Abrams sees social media and technology as essential to good design because it is such an integral part of the attendees’ life. “When brands use technology well, the attendee, the consumer, feels as if they have a relationship with you, that you listen to them, that they have a say in what you do,” she explained. “They need to feel that it’s one to one—that they are the one and only exhibitor or attendee—even if it’s a 50,000-person show.” Social media can help planners foster that relationship. “It’s not a platform to push messages out but to create the relationship that we know the attendee wants.”
 
Dwell has an exhibit at its upcoming show that incorporates social media into the live experience—the Pinterest Pavillion.
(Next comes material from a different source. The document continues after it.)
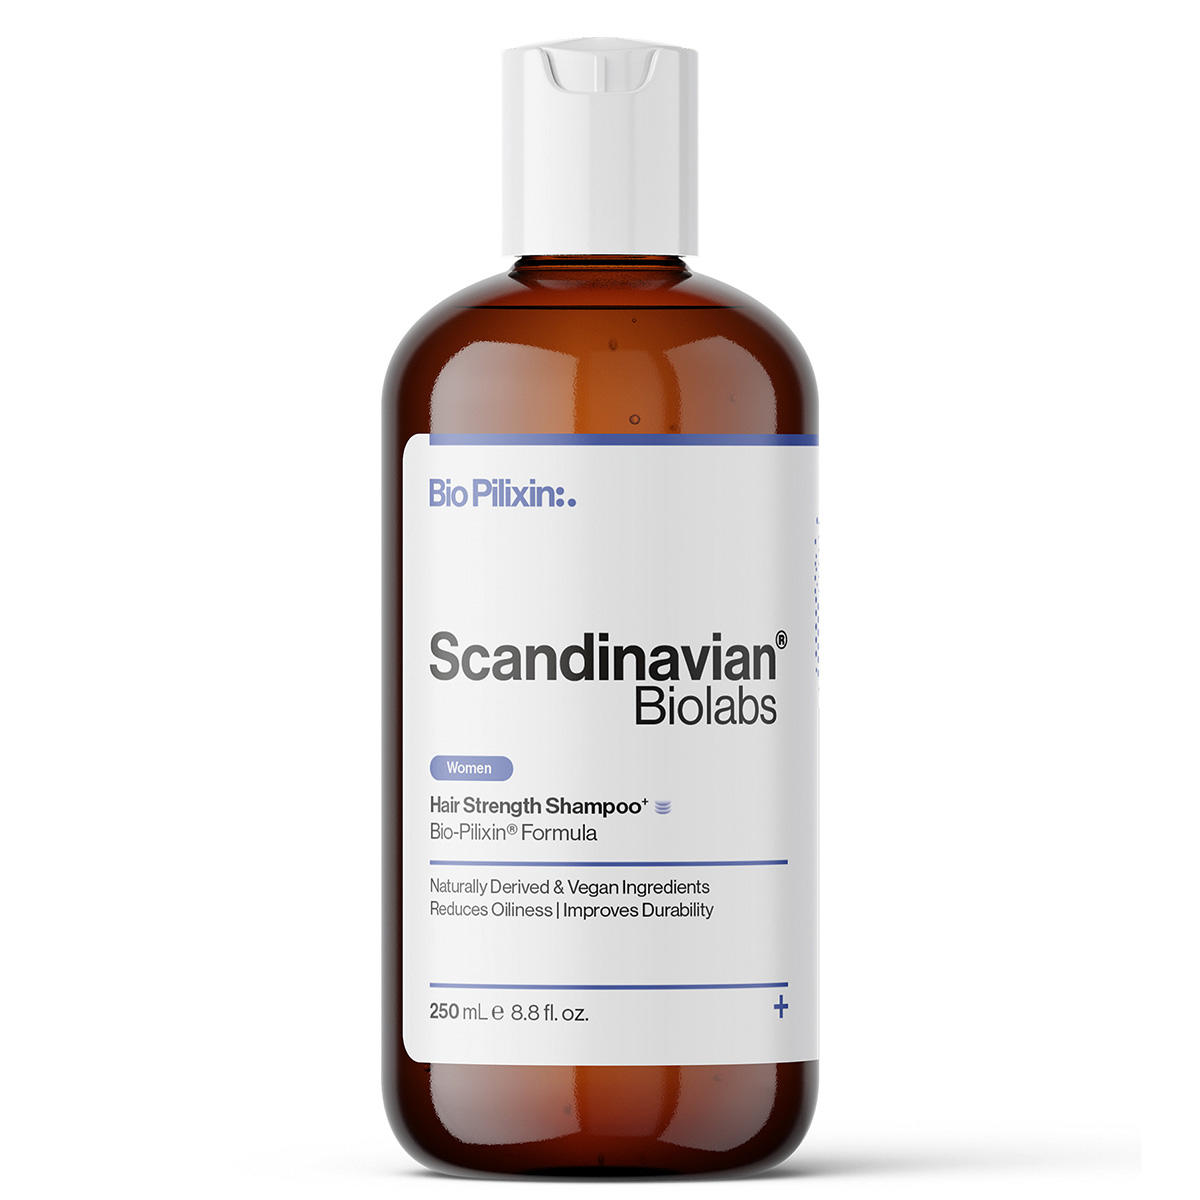 Scandinavian Biolabs Bio-Pilixin® Shampoo+ | For women 250 ml - 1
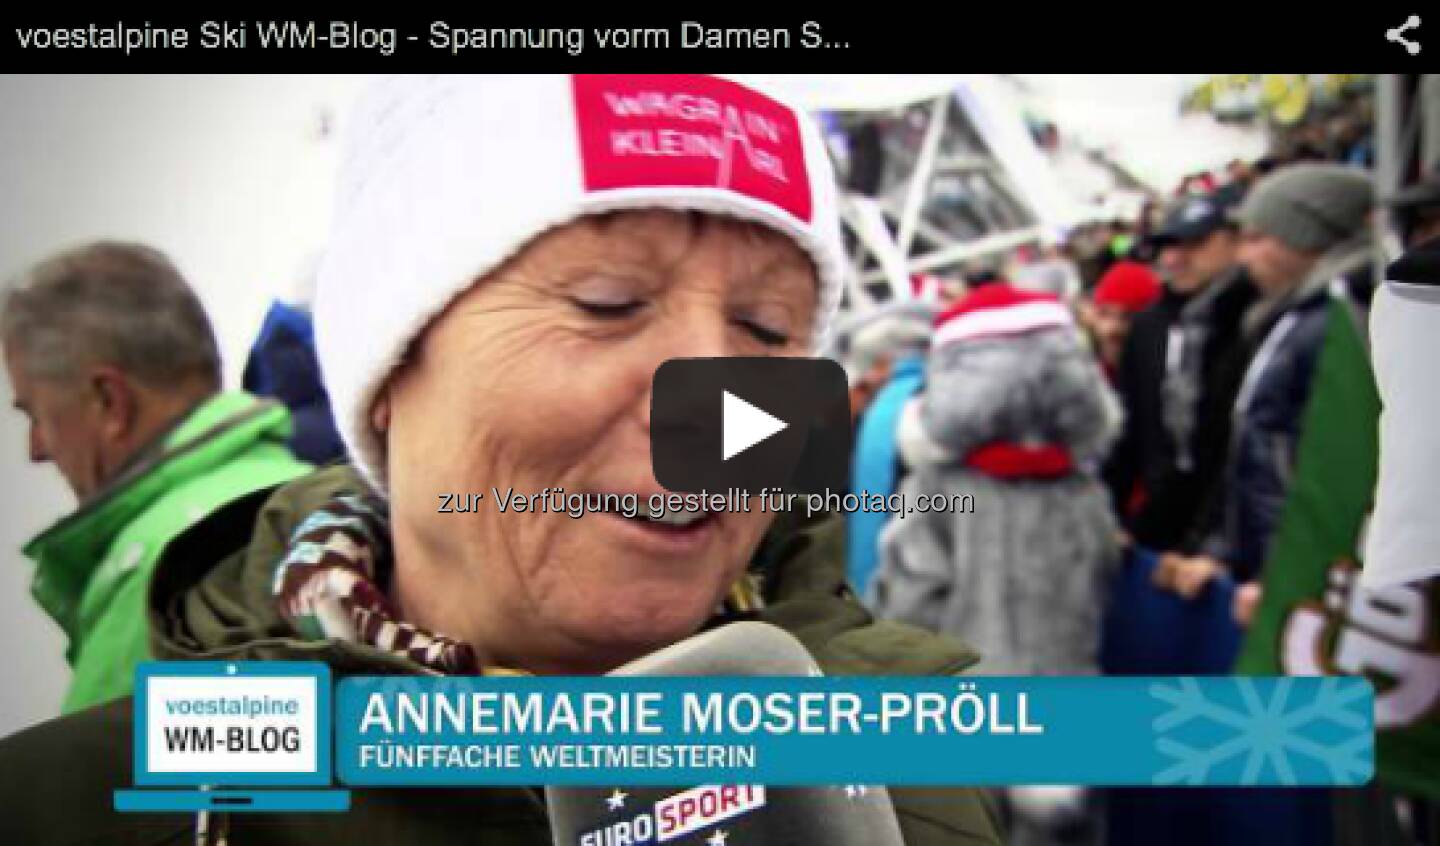 Annemarie Moser-Pröll im Video vor dem Damen Super G http://voestalpine-wm-blog.at/2013/02/05/voestalpine-ski-wm-blog-spannung-vorm-damen-super-g/#.UREkio7aK_Q

It started with a “Pin to Win” competition in which attendees were asked to post their design entries to Pinterest and then Dwell judges selected winners in various categories and invited them to bring their designs to life at Dwell on Design at the Los Angeles Convention Center, June 21–23. In the Pinterest Pavillion, attendees will be able to walk through and experience the winning designs, then re-pin pictures to their own Pinterest boards. “This is one of the most important things we’ve done this year,” she said, as the buzz has accounted for a spike in early registrations and multiple sponsorships.
 
Right next to the Pinterest Pavillion will be a large social media pavilion where people can blog, tweet, and post.
 
The Dwell on Design show is but one episode in a continuing conversation Dwell Mediahas with its audience throughout the year—not a culminating event. “We work really hard to make sure that the community is in the center of everything that we do.” So Dwell keeps that relationship going through social media, magazines, and a number of smaller events.
 
“Interminable” Trade Show Rows   
 
Dwell listened to the customer when it designed the show. Based on feedback from customers, it did away with the typical trade show grid. Abrams says that walking “the interminable rows” is no longer what people want.Instead, Dwell on Design is immersive experience where the 400 exhibits, sessions, presentations, and food and beverage are all on the exhibition floor, which is divided into theme zones—Dwell Outdoor, the Tech Zone, Furniture, Kitchen and Bath, etc. While some of the show’s 96 sessions are in meetings rooms, most happen on stages in the exhibit hall. “We don’t send people down a long hallway; we keep them right there,” she said. Even the end-of-day cocktail receptions are on the floor.
 
The design has not only engaged the attendees, but also pleased the exhibitors because the attendees are on the show floor almost all of the time.
 
“Design, for us, touches absolutely everything,” said Abrams. And it’s been the reason for the success of its show."